For a while I was planning on building my own branch hook but did not come around to do it, that is until last September. In late August, I was told that this would be the second year that I have to teach woodworking in the classrooms and not in the Woodshop. It wasn’t because of Covid, but rather because of the continuation of the major renovation of our school’s basement – where my shop is located. In my efforts to find a suitable project that could be realized in the classrooms (practically either whittling or chip carving) I remembered the branch hook and decided to give it a try.
The beauty of a branch hook as a gateway into woodworking is twofold: First, it is a straightforward, intuitive, and relatively easy woodworking shaping project that can be done with a simple whittling knife or a needle rasp (for the younger audience). And secondly, the first stage of this great project teaches the student how to true and flatten a surface and work precisely. While at first glance this might seem like a contradiction to the organic and whimsical latter part of the project, as I will show below it is, by all means, an integral and essential part of the process that is crucial for laying the foundation for good woodworking.
A branch hook takes its strength from the organic joint between a minor branch that veers sideways from the prime branch. A cross-section of the two (such as the one I drew on the blackboard for my students) demonstrates how the fiber/grain direction of the minor branch is integrated so well into the prime branch – which is the reason why the hook is so strong. I did not only explain this to my students – I also showed them how strong the joint is by hanging a heavy object on it.
Then I displayed the pictures from the article and the book and handed over to them a few of the sample branches that I made.
I also gave them a printout of some of my branch hooks’ design drawings (I will show them next time). We talked about the many possibilities for finials and terminus (new words for them) that they can choose or develop themselves. I then asked them to choose a branch from my basket and told them to draw it on a sheet of paper. The drawing documenting exercise brings them closer to their branch topography and is in general a quick nature-drawing task that is always good for the hand and mind relationship.

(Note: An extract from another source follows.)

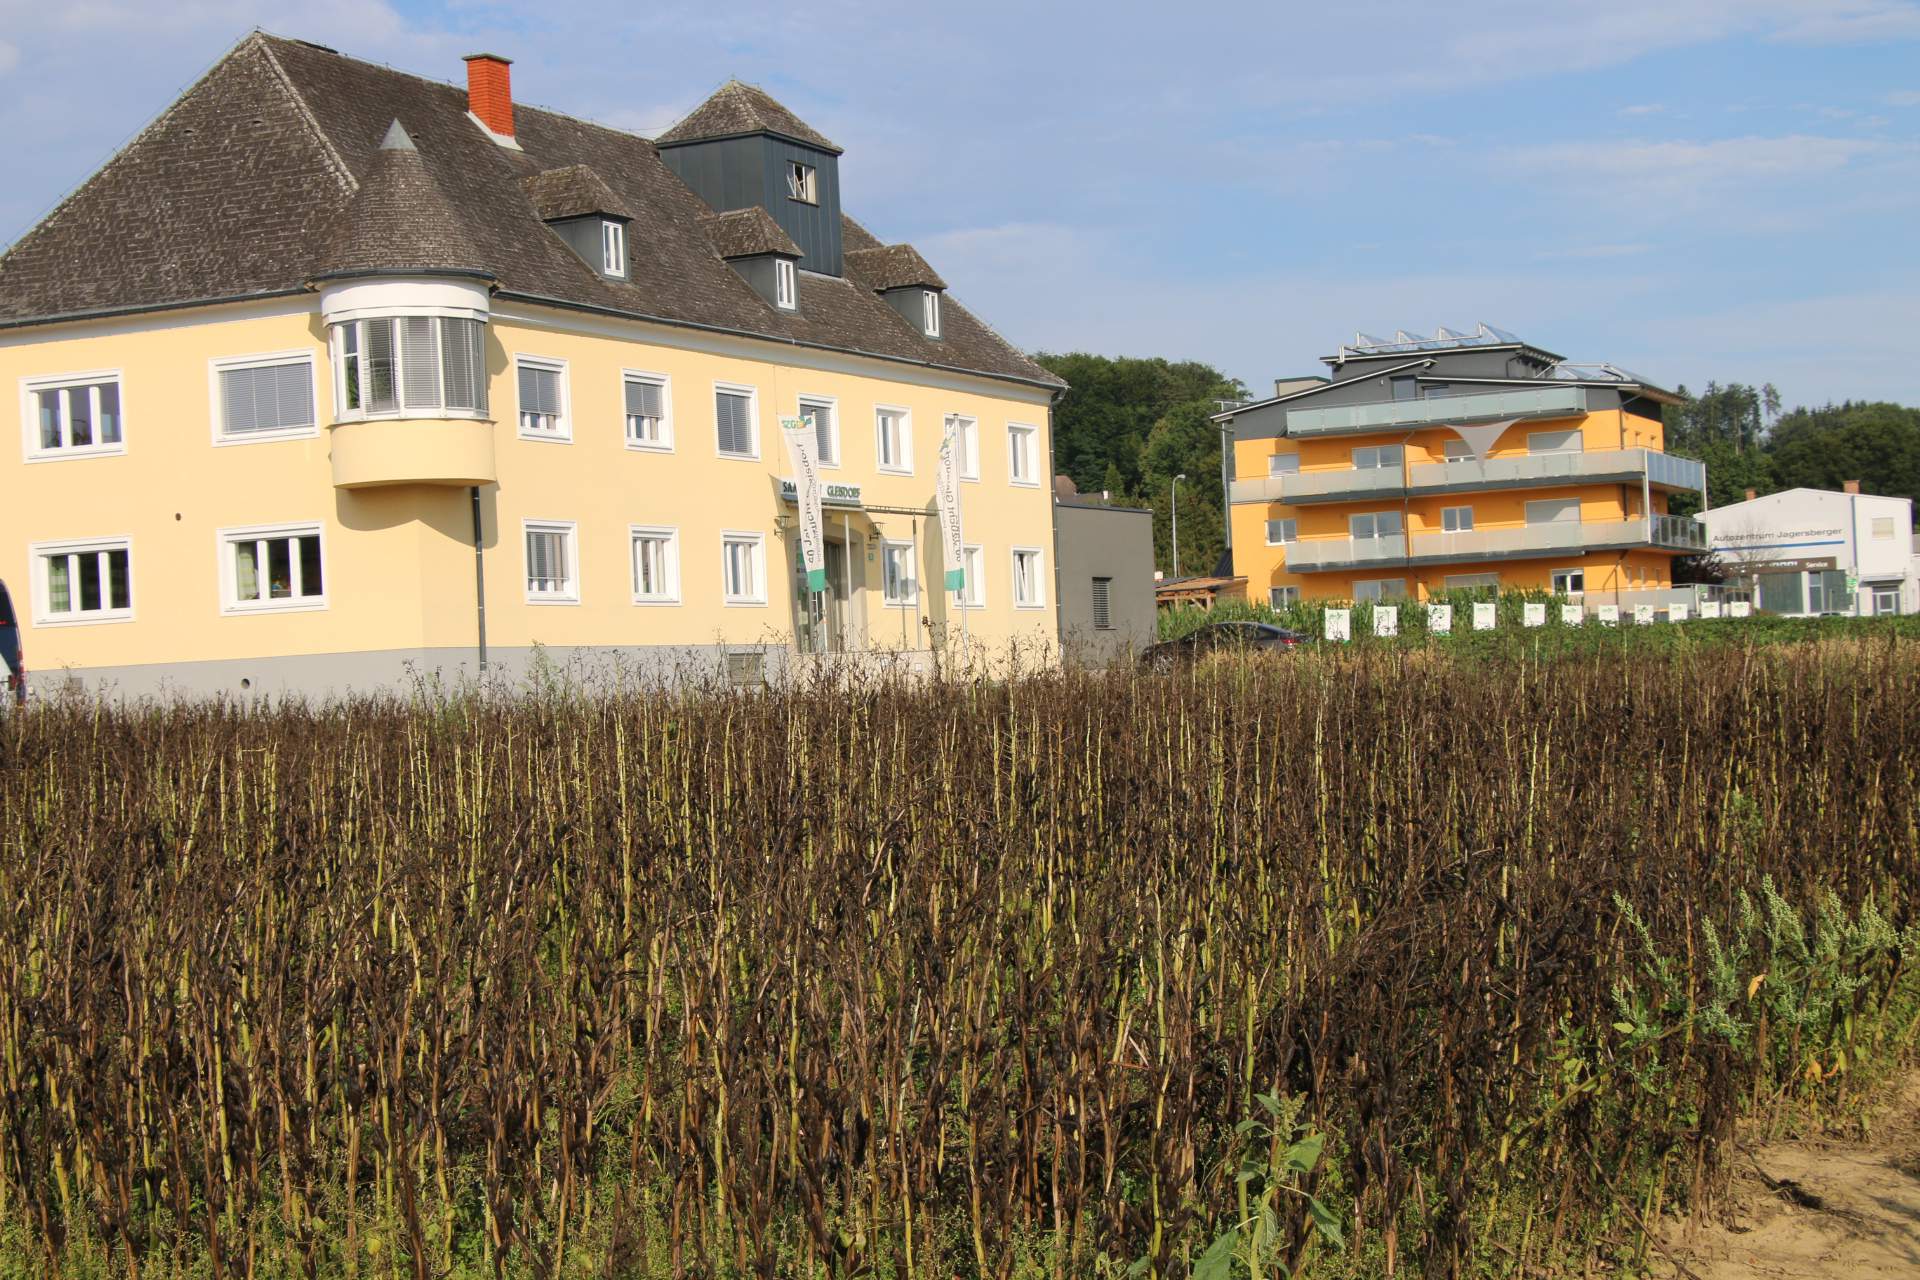 W Saatzucht Gleisdorf hoduje się także bobik ozimy i jary.

Once the students finished drawing their branch I asked them to propose a design for the hook’s finial and terminus, which they illustrate near the drawing of their branch.
After this, I tell them that in order to allow the hook to register nicely against the flat surface of the wall or the door it will be hanging on we need to flatten its backside. My students flatten their branch’s back with a whittling knife or a rasp, and they use a straight edge (such as a rule) to indicate how well their work has progressed. I also mention to them that the flat surface of their bench can serve as a reference surface for flatness and when they have achieved two flat and coplanar surfaces on the back of the branch our truing work has been completed.
Once the back has been sufficiently flattened we continue to the next stage of creating the finials.